Au sujet de l’eau, je salue le travail qui a été accompli par le conseil général, les syndicats de bassin et les services de l’Etat. A titre d’illustration, le bassin de l’Agly va prochainement se doter d’un syndicat de gestion et d’investissement préfigurant l’installation prochaine d’une commission locale de l’eau. Ce n’est pas à vous que je vais apprendre l’importance de l’eau pour l’agriculture départementale. A mon niveau, j’essaye, autant qu’il est possible, de faire entendre cette évidence.

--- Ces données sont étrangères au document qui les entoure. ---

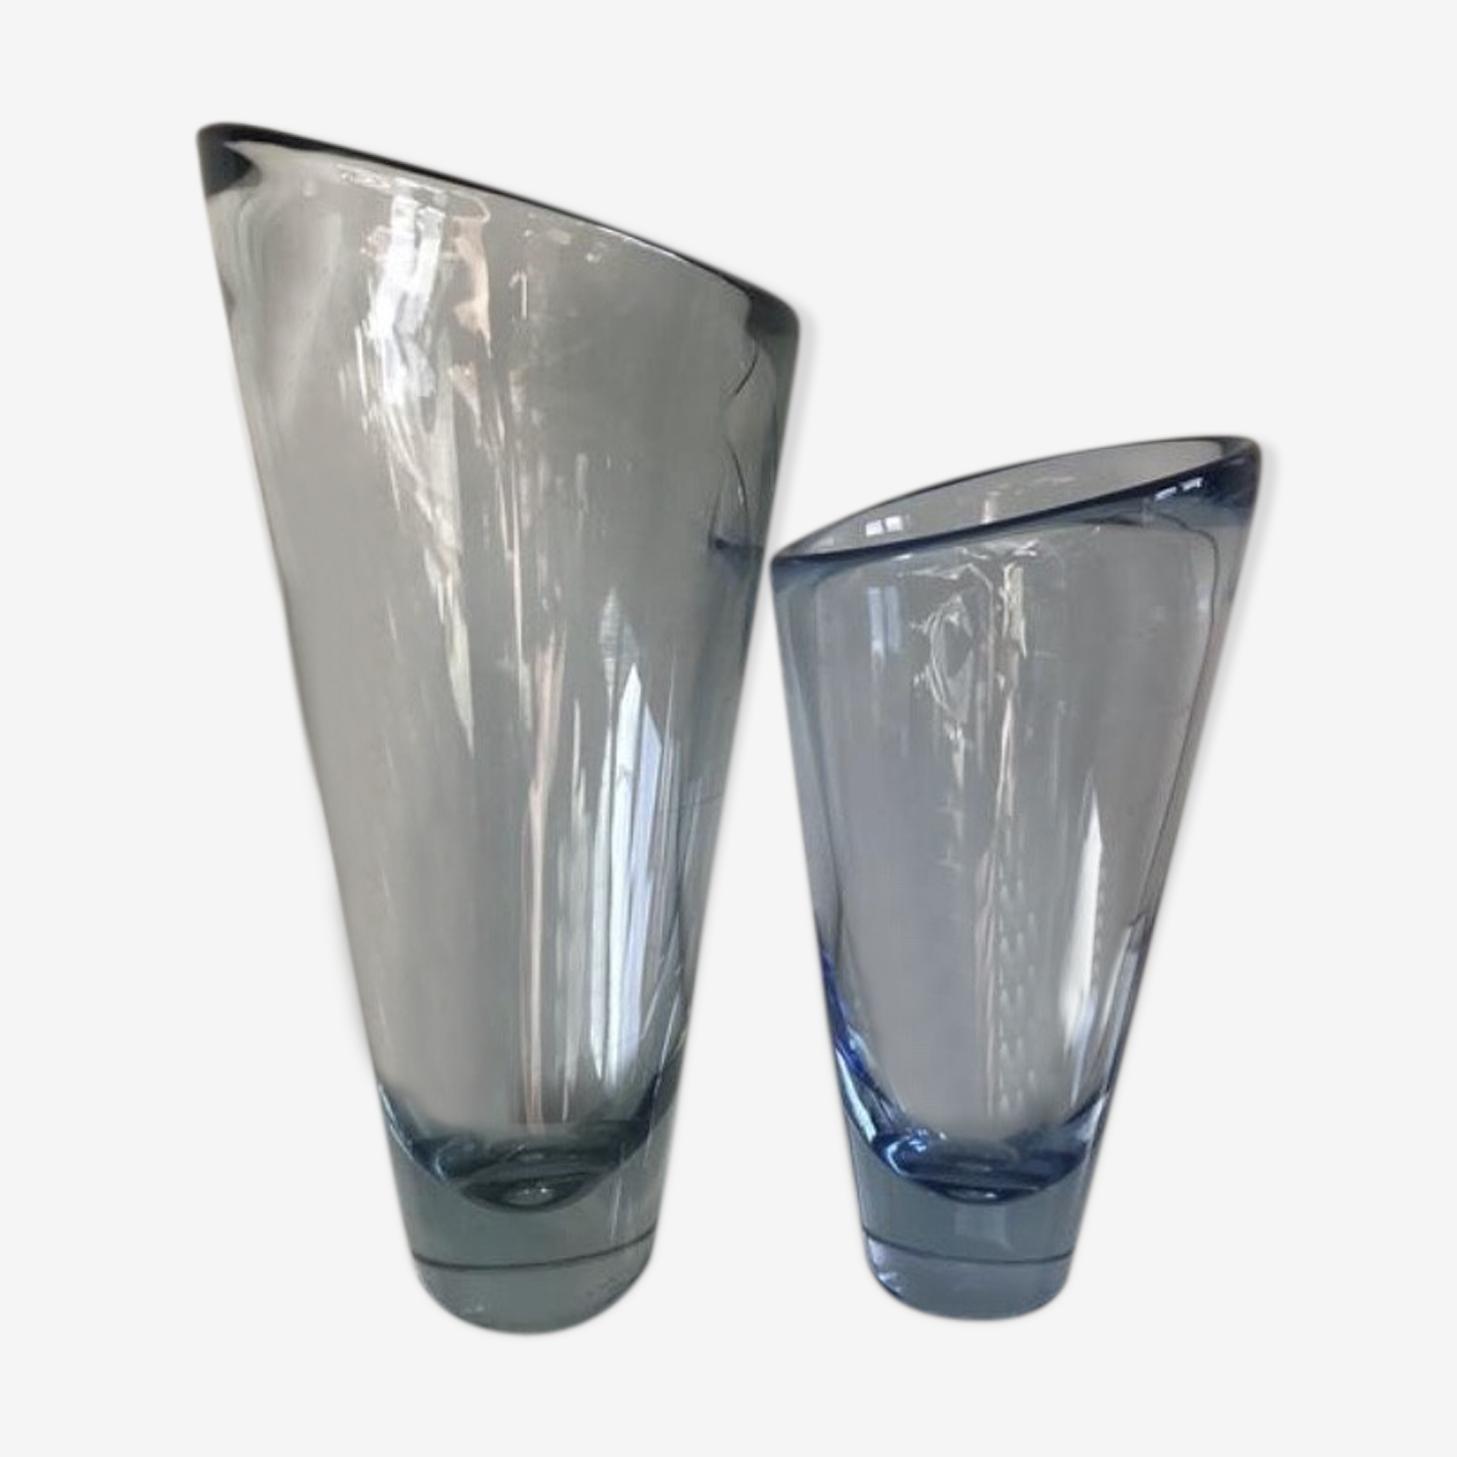 Holmegaard  set of 2 asymetrical vases  by Per Lutken

Voilà, Mesdames et Messieurs les maires, un tableau des défis auxquels nous sommes collectivement confrontés, ils sont complexes et divers ; ils nous obligent dans l’exercice de nos missions respectives. Sans votre engagement, sans votre dévouement, sans votre savoir faire dans l’appréhension des enjeux locaux, la connaissance des forces et des faiblesses de notre cher et vieux Pays s’en trouverait amoindrie. Merci pour votre action et les sacrifices personnels que vous consentez dans l’exercice de votre mandat. Bonne chance à ceux qui ont le désir de le renouveler.

Vous êtes la respiration de la France sur sa terre Catalane, vous en êtes aussi le cœur républicain dont, en sûreté de conscience, nul ne peut imaginer se passer ».